**Your assignment**
Please retype the data below line for line and leave out every picture.

**Information shown**

========

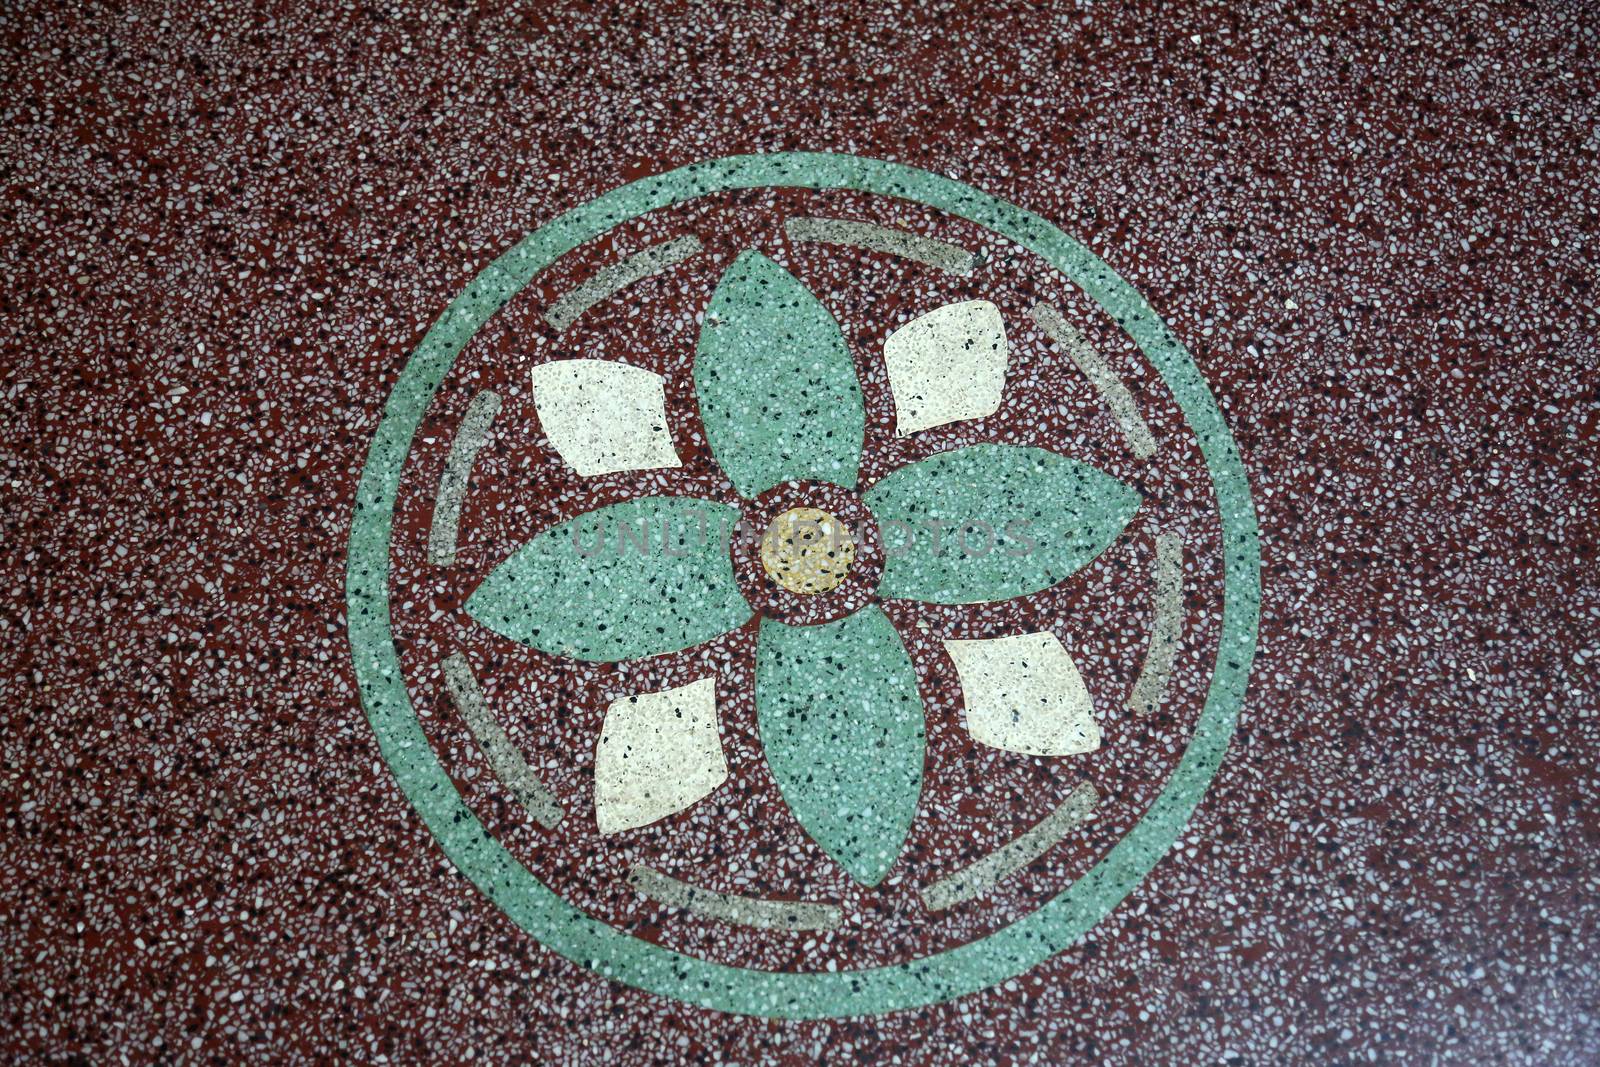 Decorative floor in Daya Dan, one of the houses established by Mother Teresa and run by the Missionaries of Charity, Kolkata, West Bengal, India on February 08, 2014.
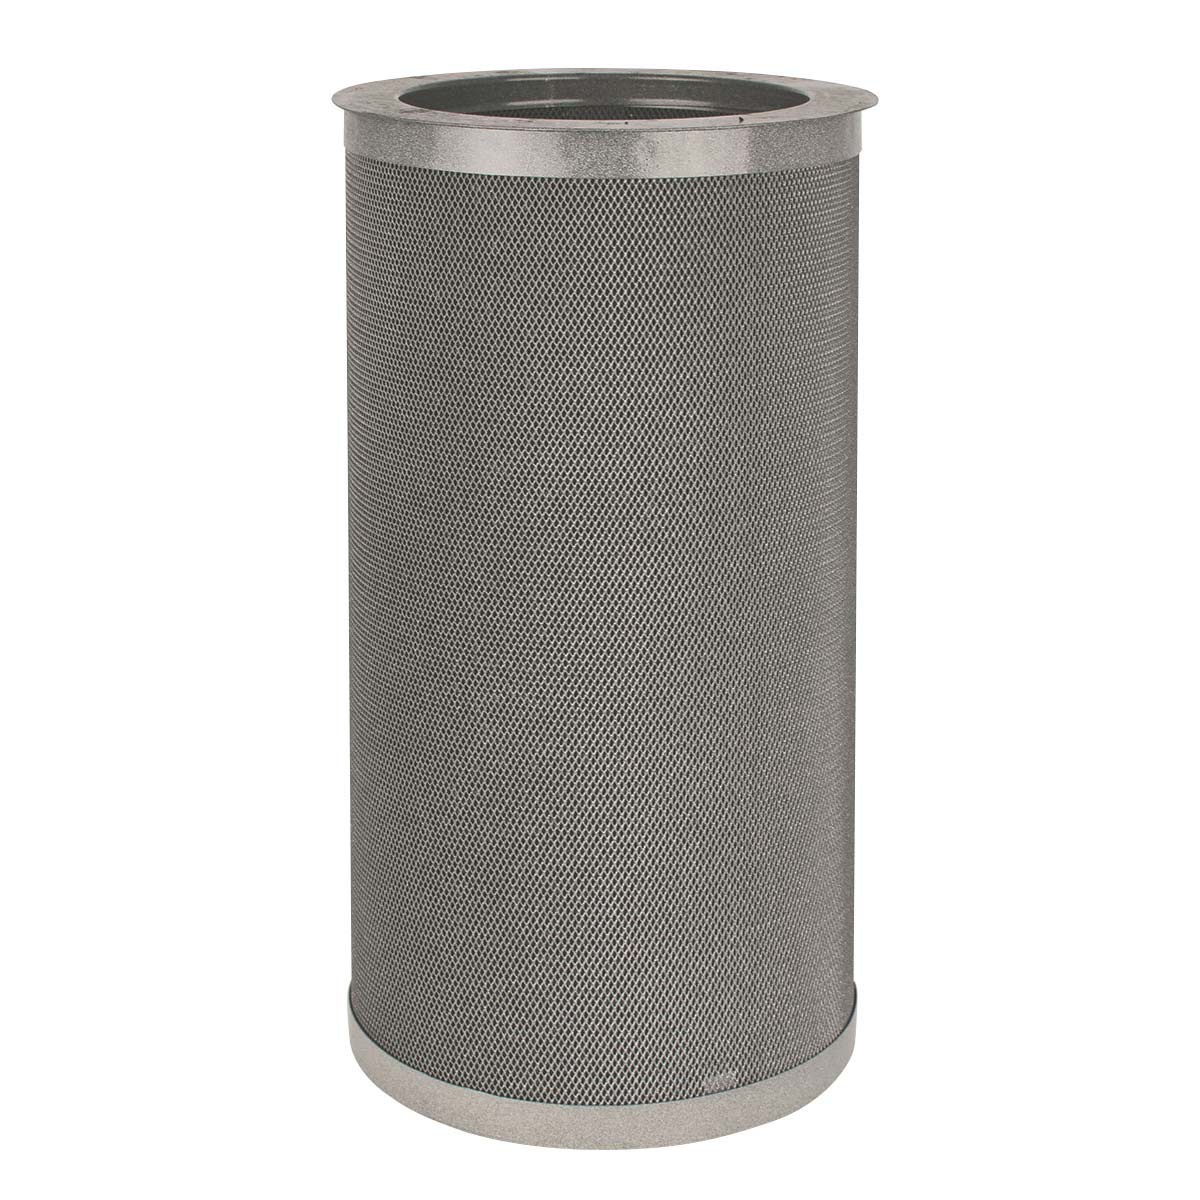 3rd Stage Carbon Canister Filter - Reduce Odor and VOC - NorAir 800
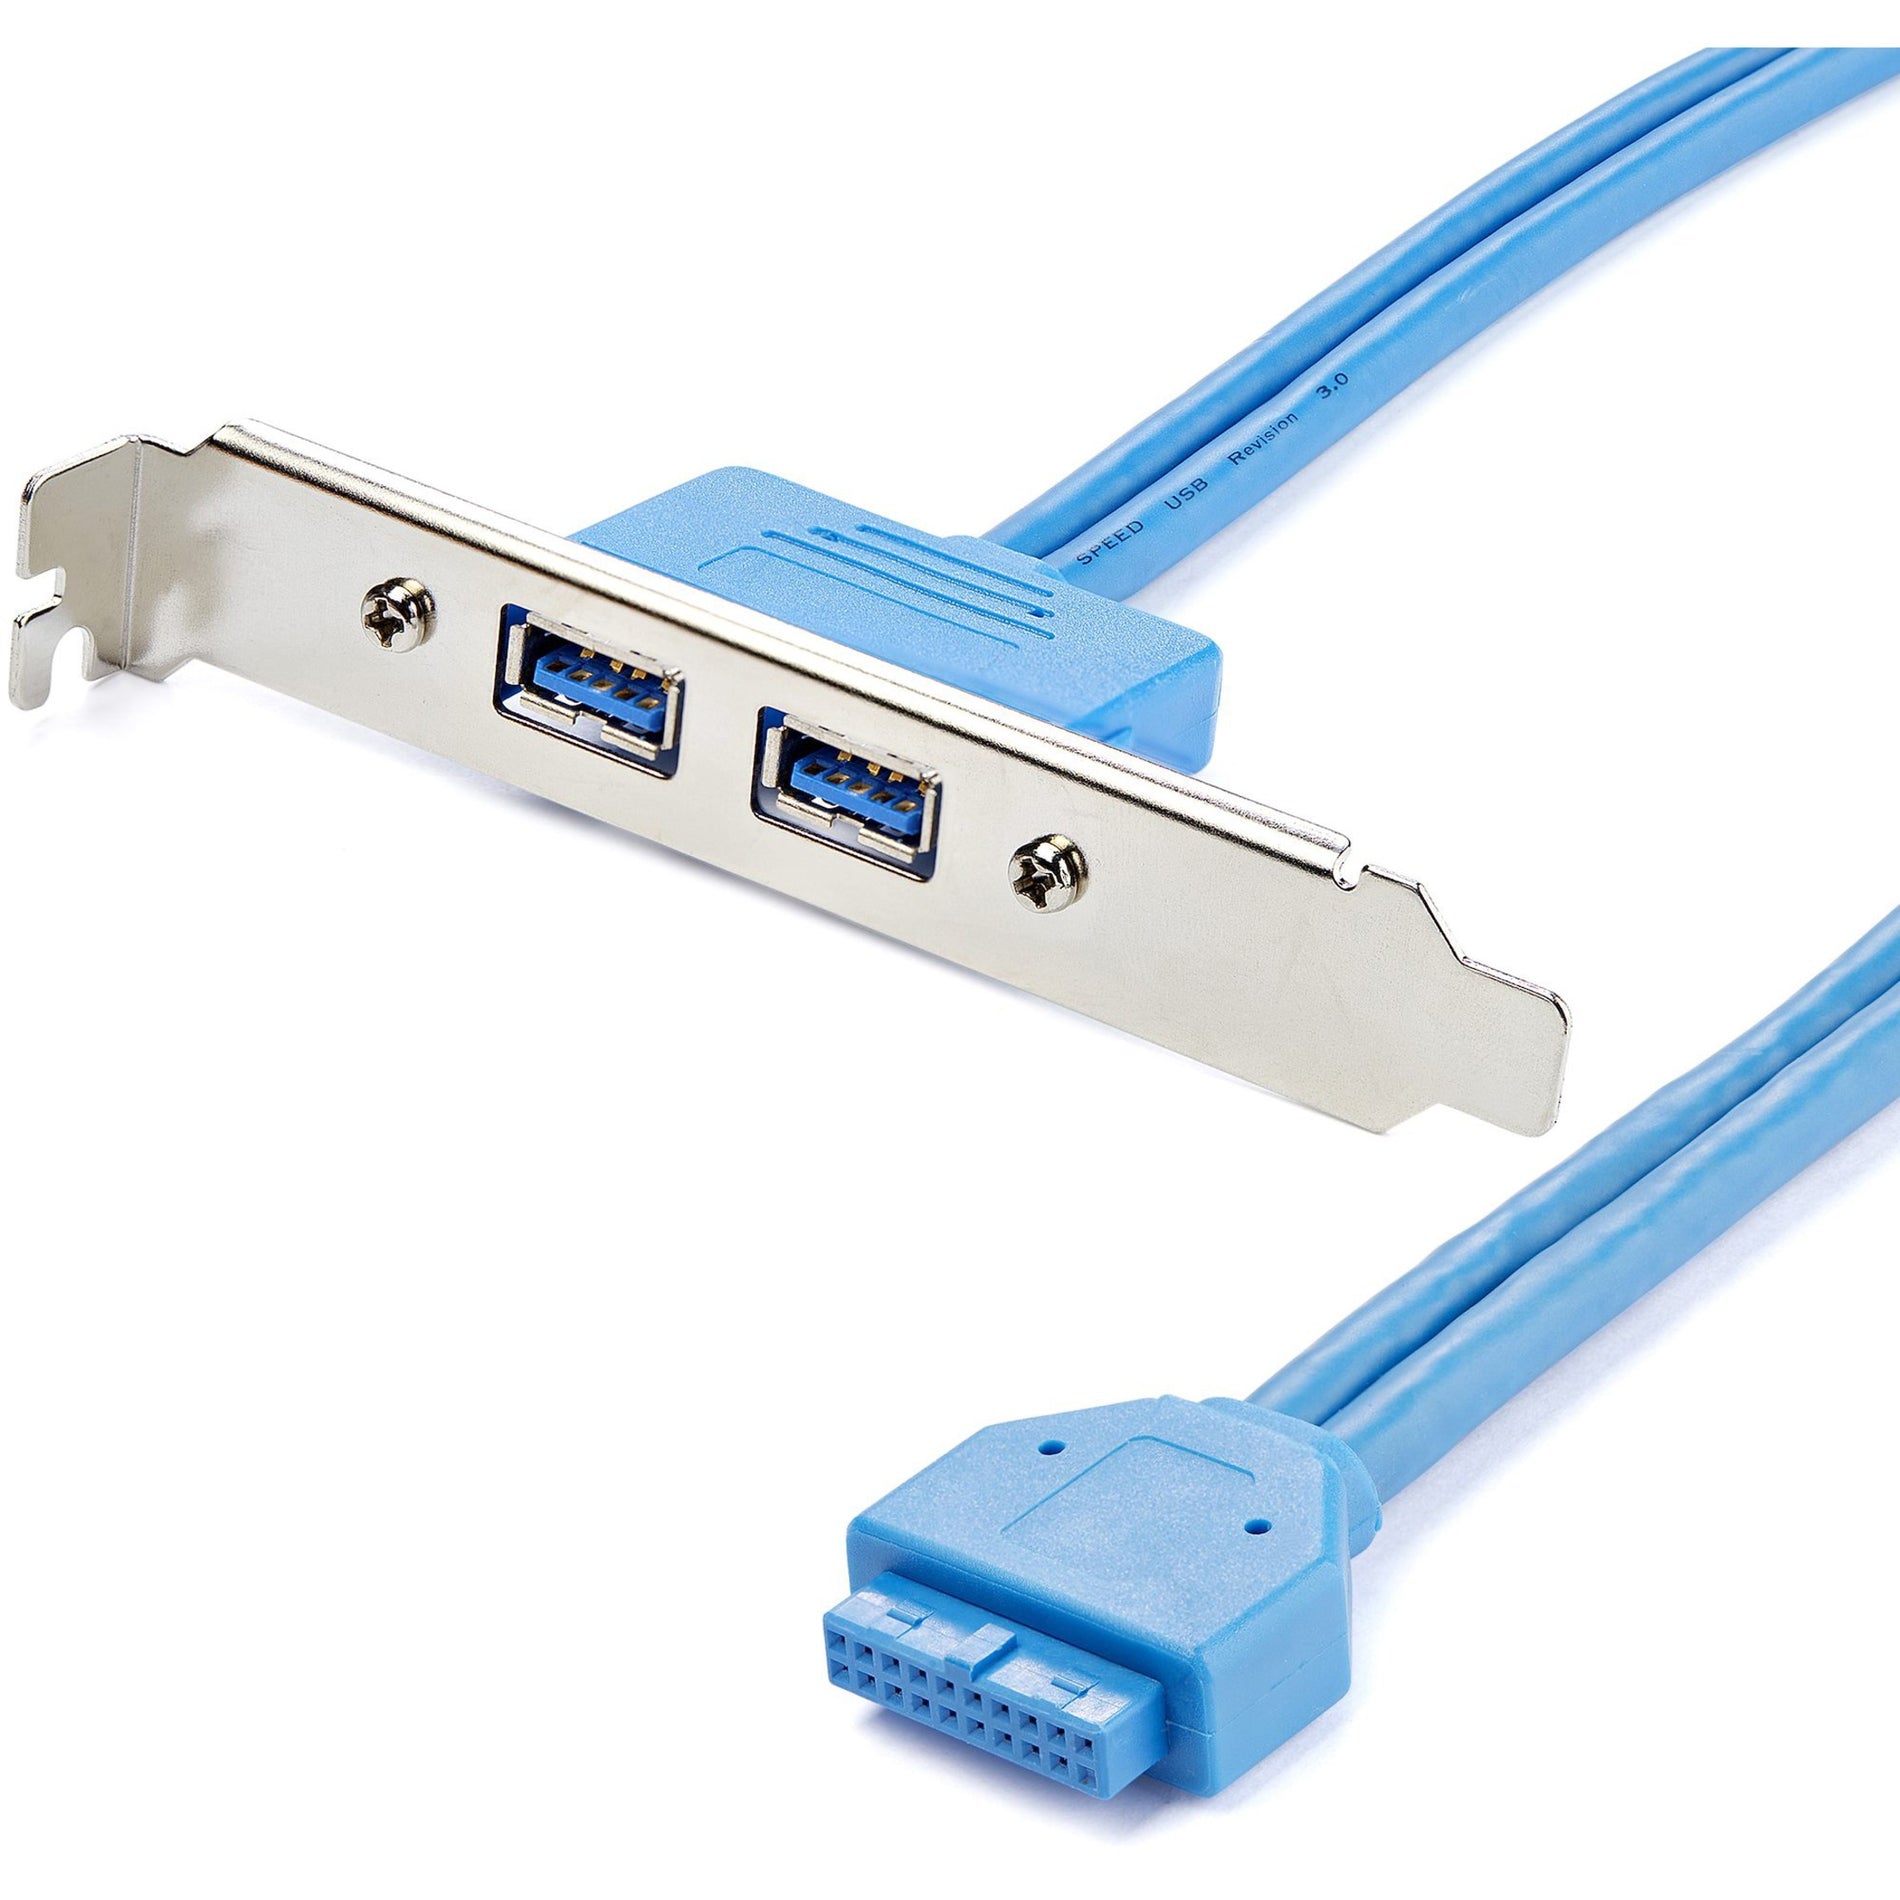 StarTech.com USB3SPLATE 2 Port USB 3.0 A Female Slot Plate Adapter, Easy Data Transfer and Expansion

========

**Answer to the exercise**
 Decorative floor in Daya Dan, one of the houses established by Mother Teresa and run by the Missionaries of Charity, Kolkata, West Bengal, India on February 08, 2014.
 3rd Stage Carbon Canister Filter - Reduce Odor and VOC - NorAir 800
 StarTech.com USB3SPLATE 2 Port USB 3.0 A Female Slot Plate Adapter, Easy Data Transfer and Expansion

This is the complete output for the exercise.